»»

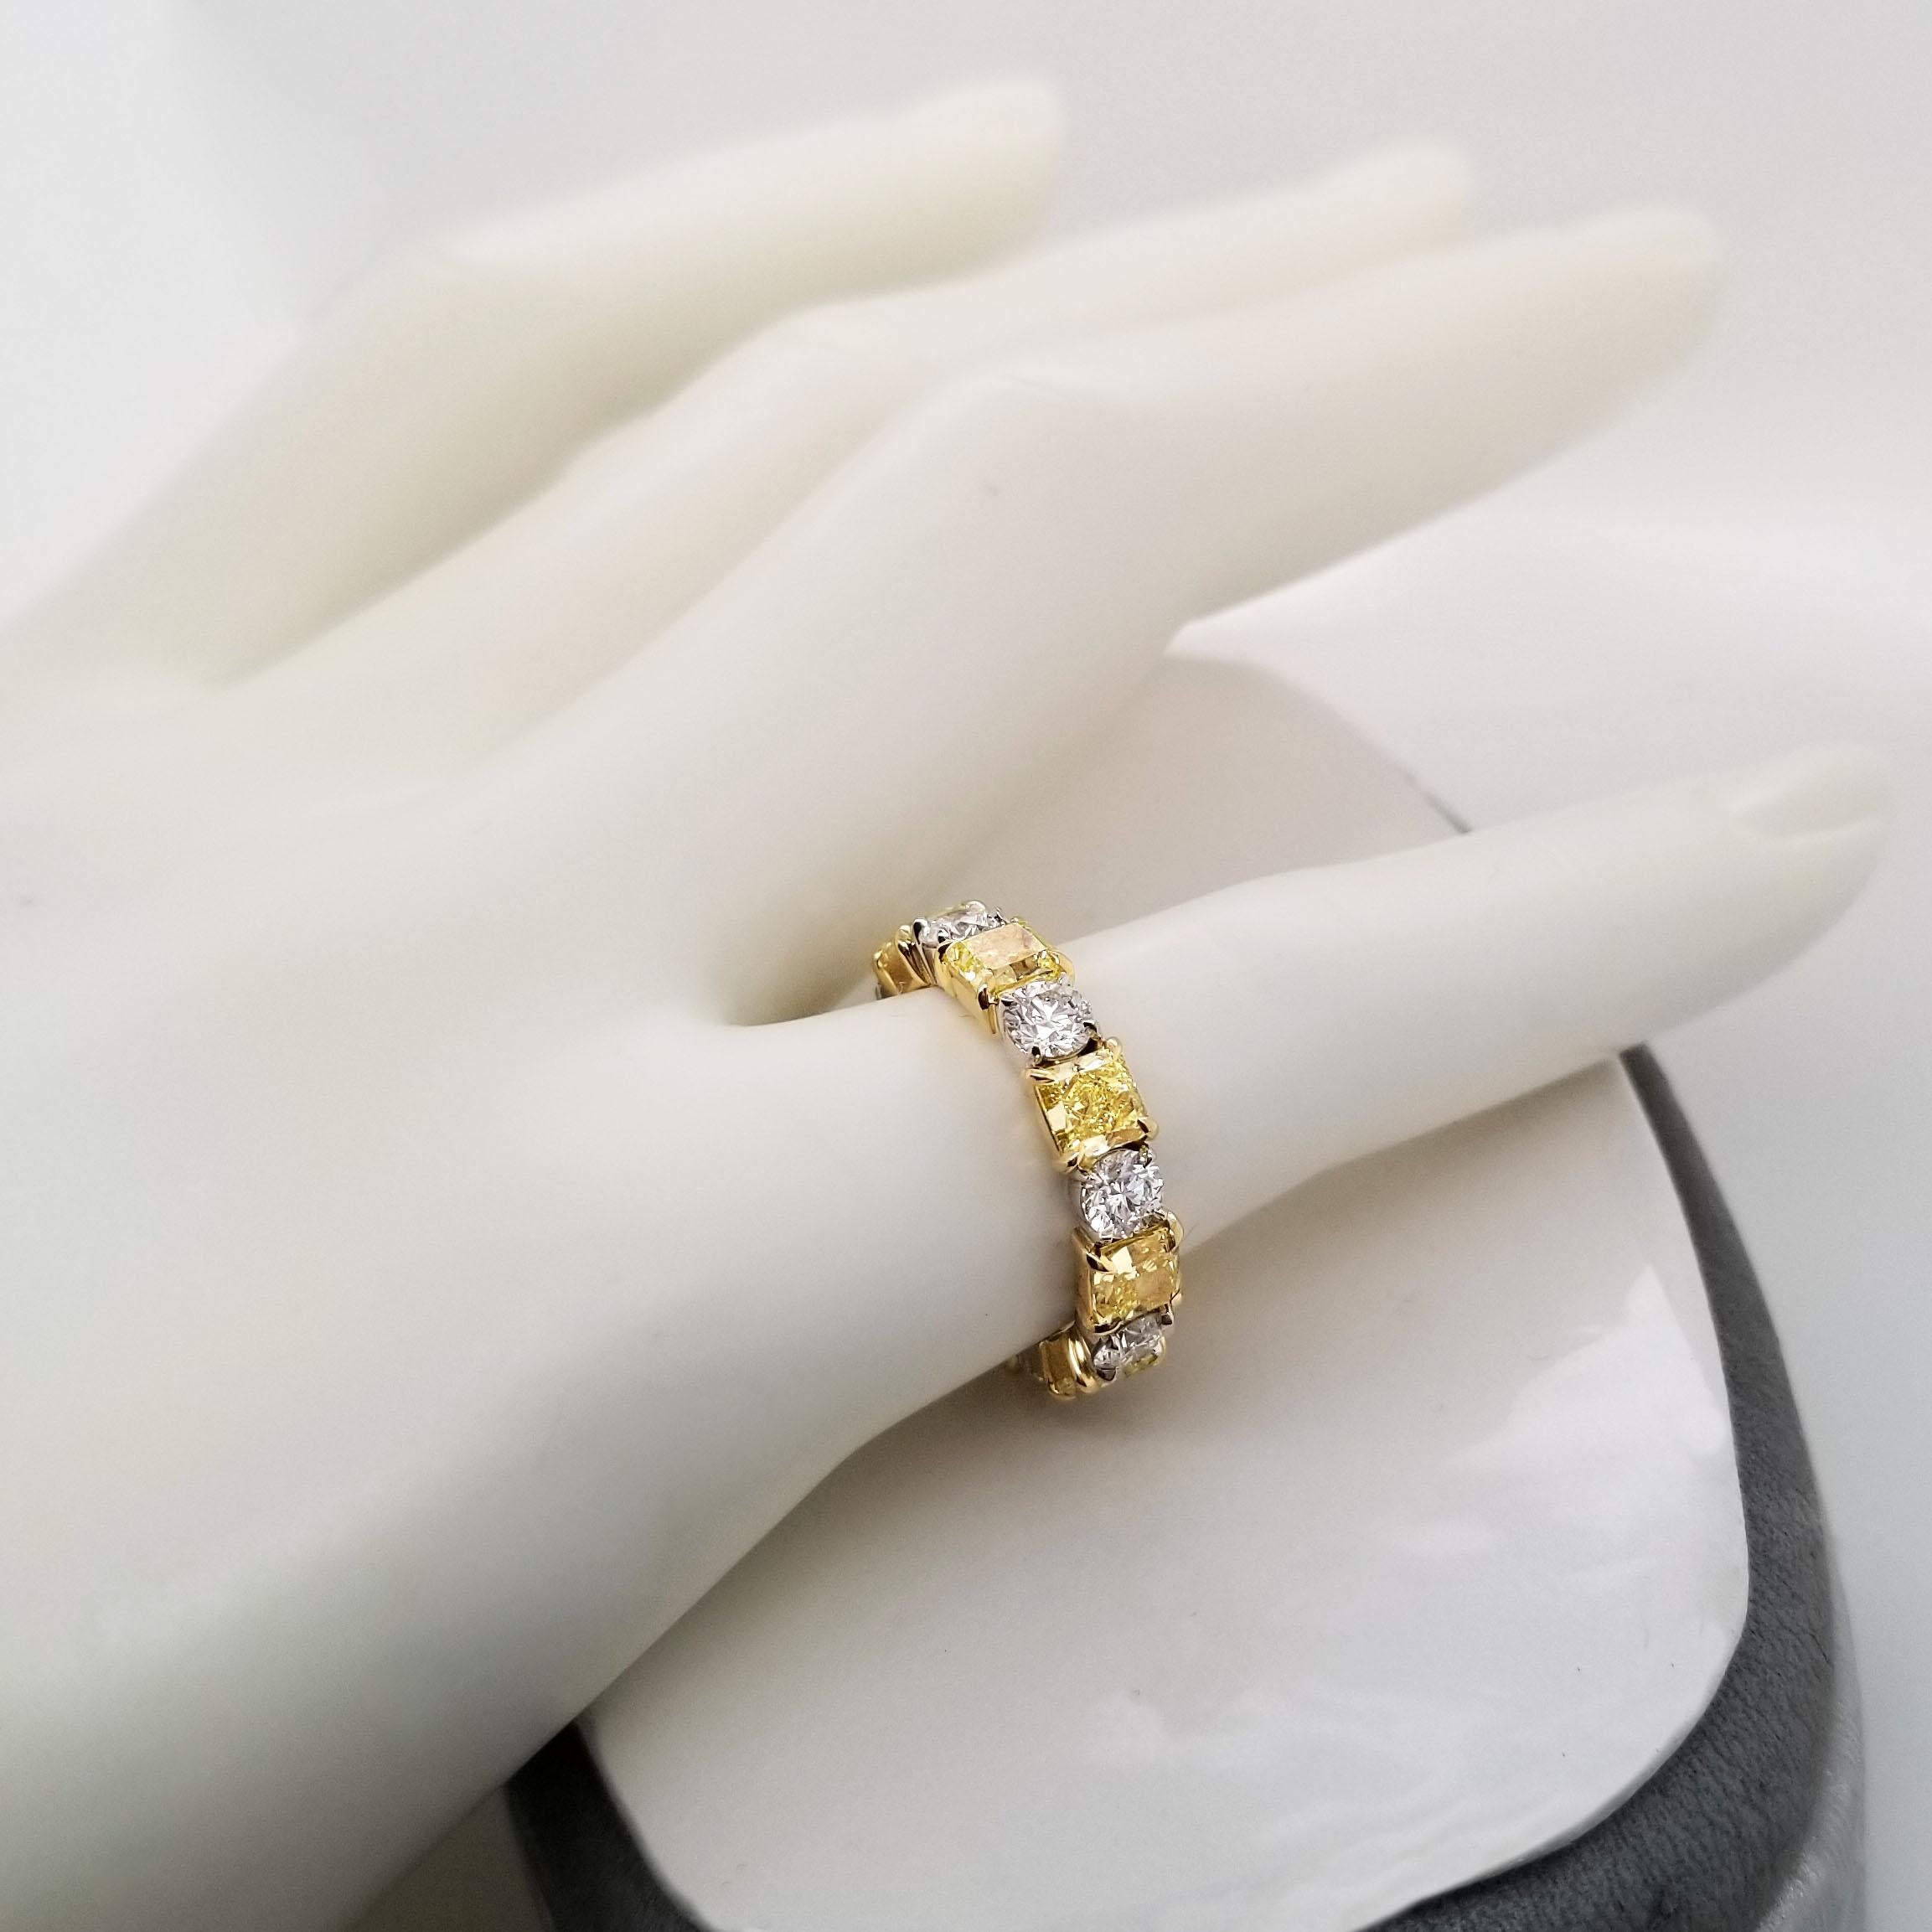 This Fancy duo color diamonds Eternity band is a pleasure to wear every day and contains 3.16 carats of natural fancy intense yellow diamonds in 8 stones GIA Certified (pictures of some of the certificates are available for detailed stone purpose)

««
»»

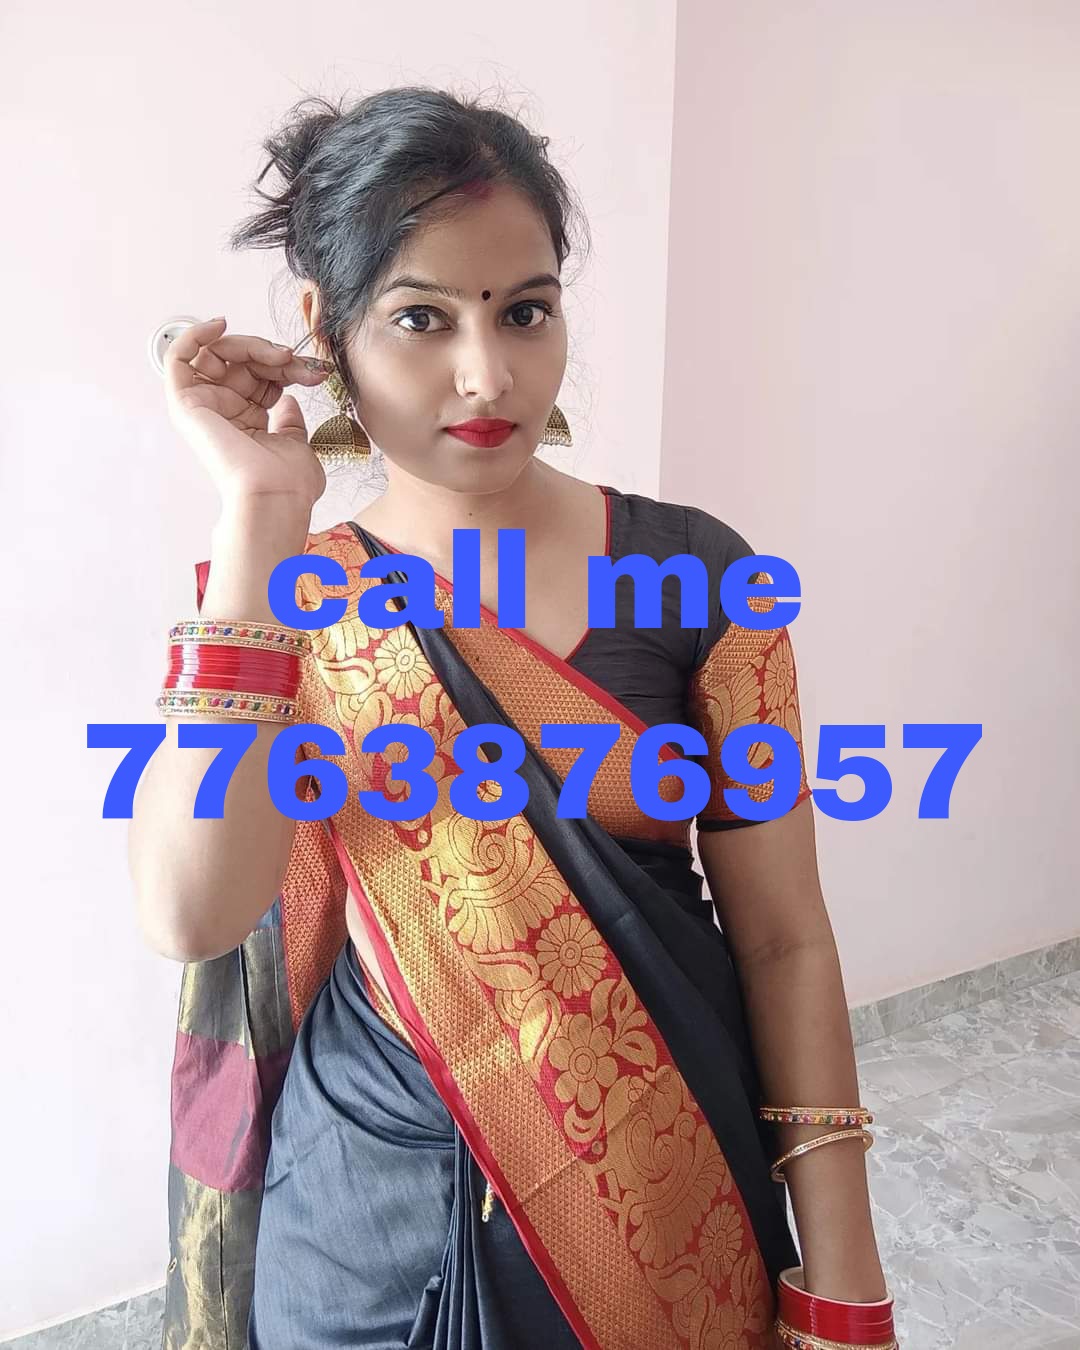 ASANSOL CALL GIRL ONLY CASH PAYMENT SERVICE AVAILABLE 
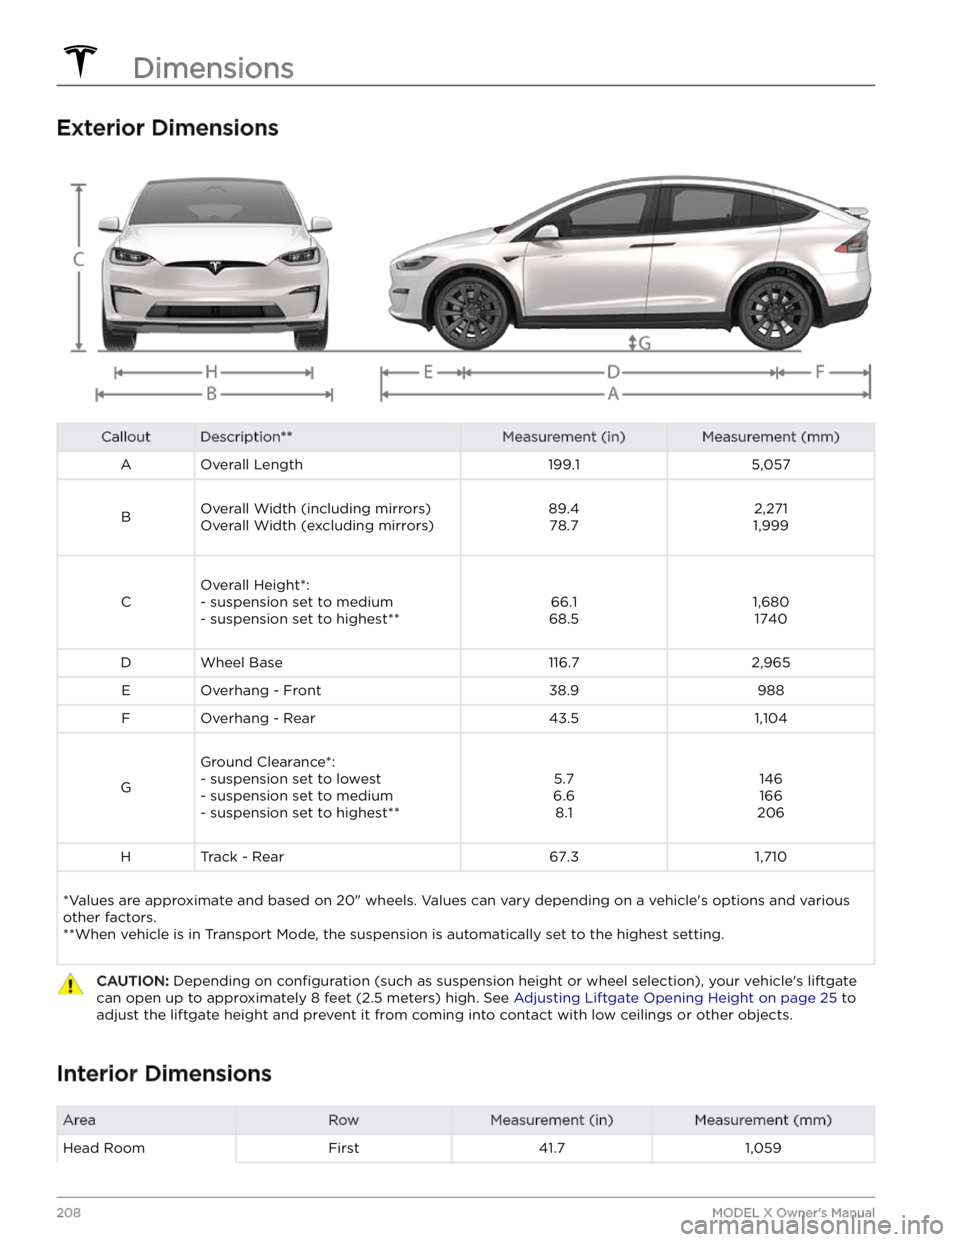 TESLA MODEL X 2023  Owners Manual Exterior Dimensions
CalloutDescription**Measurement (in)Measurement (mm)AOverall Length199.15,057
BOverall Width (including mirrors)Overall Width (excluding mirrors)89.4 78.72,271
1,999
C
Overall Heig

««
»»

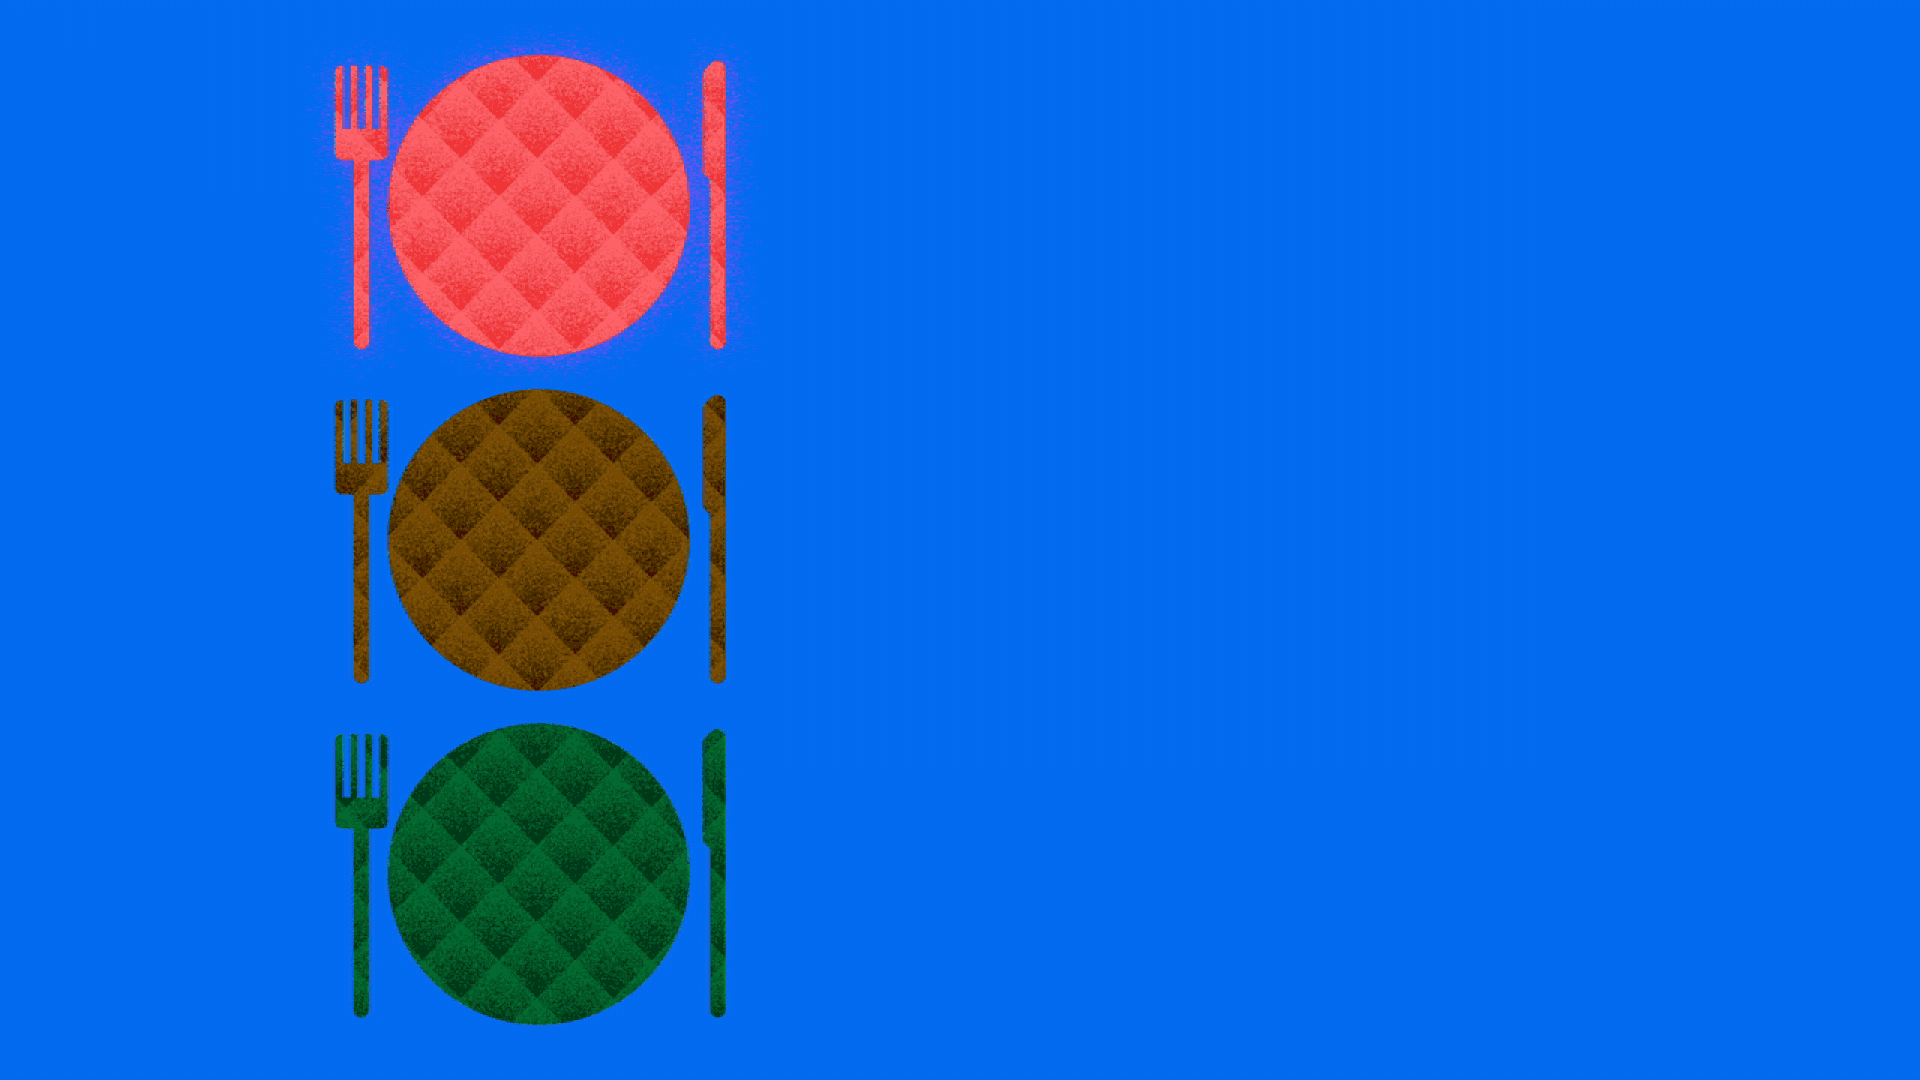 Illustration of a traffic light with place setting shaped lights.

««

◆ **Required work**
Only the lines above starting at the line that holds "CalloutDescription**Measurement (in)Measurement (mm)AOverall" and ending at the line that holds "Overall Heig" are to be repeated, exactly and in full.

◆ **Reply to the exercise**
CalloutDescription**Measurement (in)Measurement (mm)AOverall Length199.15,057
BOverall Width (including mirrors)Overall Width (excluding mirrors)89.4 78.72,271
1,999
C
Overall Heig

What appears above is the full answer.